The authors first derive a lower bound by examining how many non‑obtuse triangles can be incident to a vertex without exceeding the available angular “budget”. At a 150° vertex, a single non‑obtuse triangle can consume at most 90°, leaving at least 60° for other incident triangles; combinatorial counting together with Euler’s formula (V − E + F = 2) shows that fewer than eight triangles cannot cover the entire surface while respecting the angle limit. To demonstrate achievability, they construct an explicit decomposition: each square is split into two right‑isosceles triangles, while each original triangle is either kept as is or merged with adjacent right triangles to reduce the total count. By carefully pairing squares and using the solid’s symmetry, they obtain exactly eight non‑obtuse triangles whose edges are geodesic arcs on the surface and whose interior angles never exceed 90°. A rigorous optimality proof follows: assuming a decomposition with seven or fewer non‑obtuse triangles leads to a contradiction because the angular sum at some vertex would necessarily exceed 90°, violating the non‑obtuse condition. Hence eight is the minimal number.

Acute triangulation (all angles < 90°).
For the stricter acute case, the analysis tightens. At a 150° vertex, two acute triangles can fit, but three would force at least one angle to be ≥ 90°. By counting the maximum number of acute triangles that can meet each vertex and again invoking Euler’s characteristic, the authors prove that at least twelve acute triangles are required. The constructive part splits each square into three acute triangles by drawing a slightly skewed diagonal and then subdividing the remaining quadrilateral into two more acute pieces; each original equilateral triangle is retained as a single acute triangle. The resulting layout respects the 90°‑minus condition, with all interior angles ranging roughly between 70° and 80°. The authors verify that any attempt to use only eleven acute triangles fails because the average area per triangle would be too large, forcing an angle breach at some vertex. Thus twelve is proven optimal.

Methodological contributions.
Beyond the specific numbers, the paper introduces a systematic framework for angle‑constrained triangulations on polyhedral surfaces. The authors formalize an “angle‑allocation graph” that records how much angular measure each vertex can distribute among incident triangles under a given constraint. By solving a simple integer‑programming problem on this graph they obtain lower bounds that are tight for the cuboctahedron. They also provide computational evidence (via exhaustive search and mesh‑generation software) confirming that no alternative configuration with fewer triangles exists.
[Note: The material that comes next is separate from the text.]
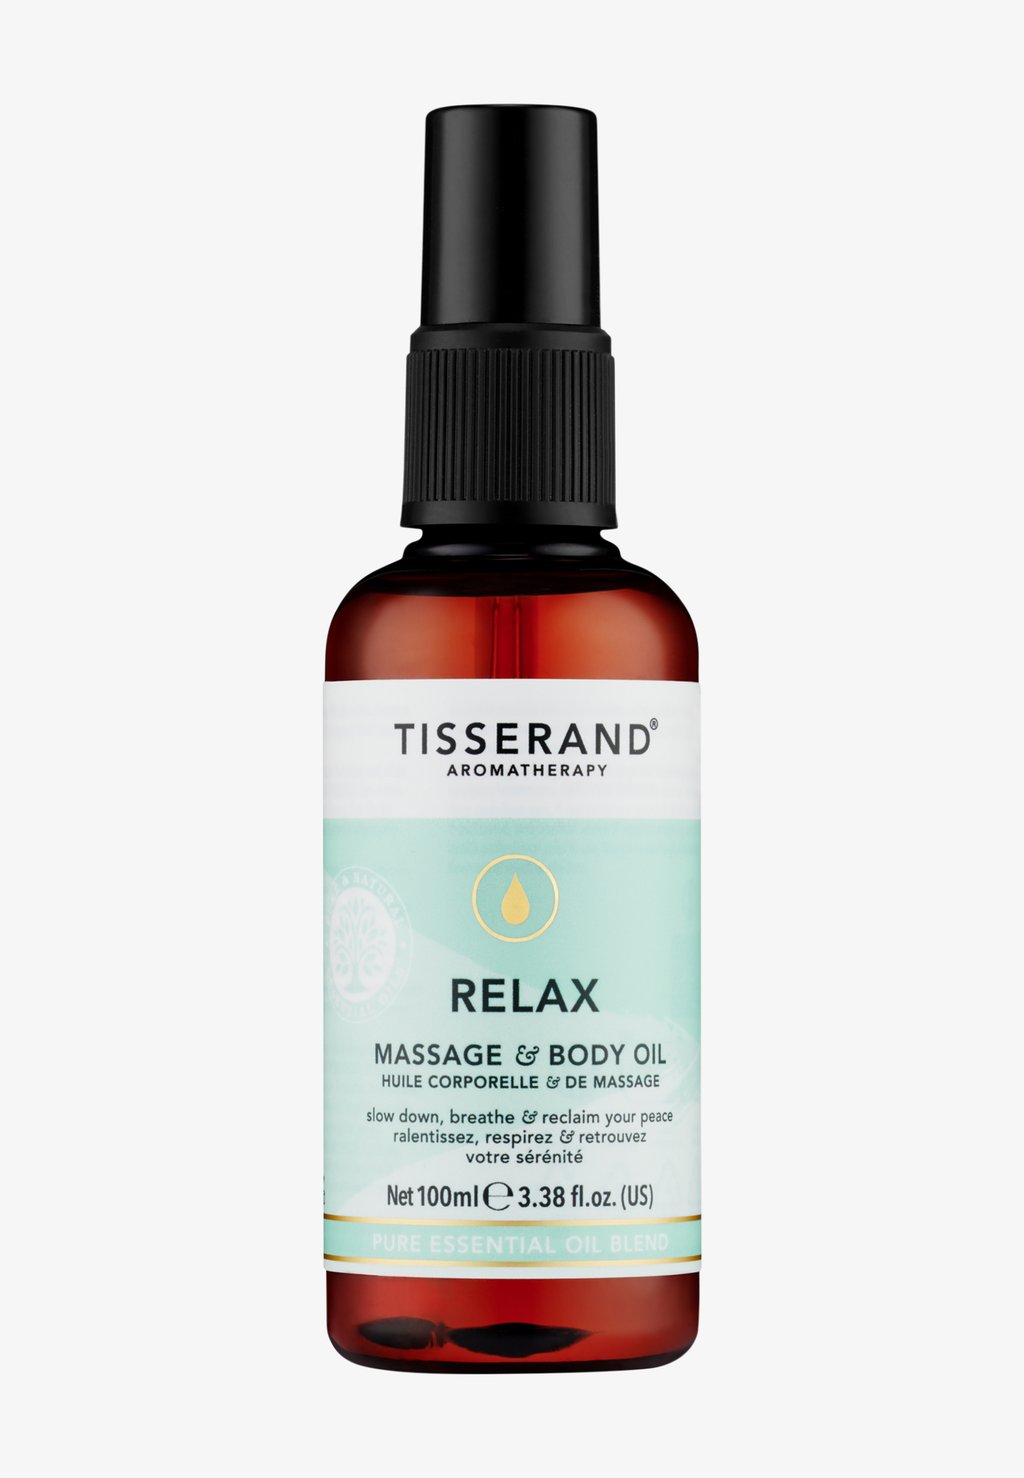 Масло для тела Relax Massage & Body Oil Tisserand Aromatherapy

Implications and extensions.
The results have practical relevance for mesh generation in computer graphics, finite‑element analysis, and geometric modeling, where acute or non‑obtuse elements are desirable for numerical stability. Moreover, the angle‑allocation technique can be applied to other Archimedean solids or to more general convex polyhedra, suggesting a pathway toward a unified theory of optimal angle‑restricted triangulations.

In summary, the paper proves that the cuboctahedral surface can be triangulated with exactly eight non‑obtuse triangles or twelve acute triangles, and that these numbers are provably minimal. The work combines combinatorial topology, geometric inequality analysis, and constructive algorithms, offering both theoretical insight and concrete constructions that may influence future research in discrete geometry and computational mesh design.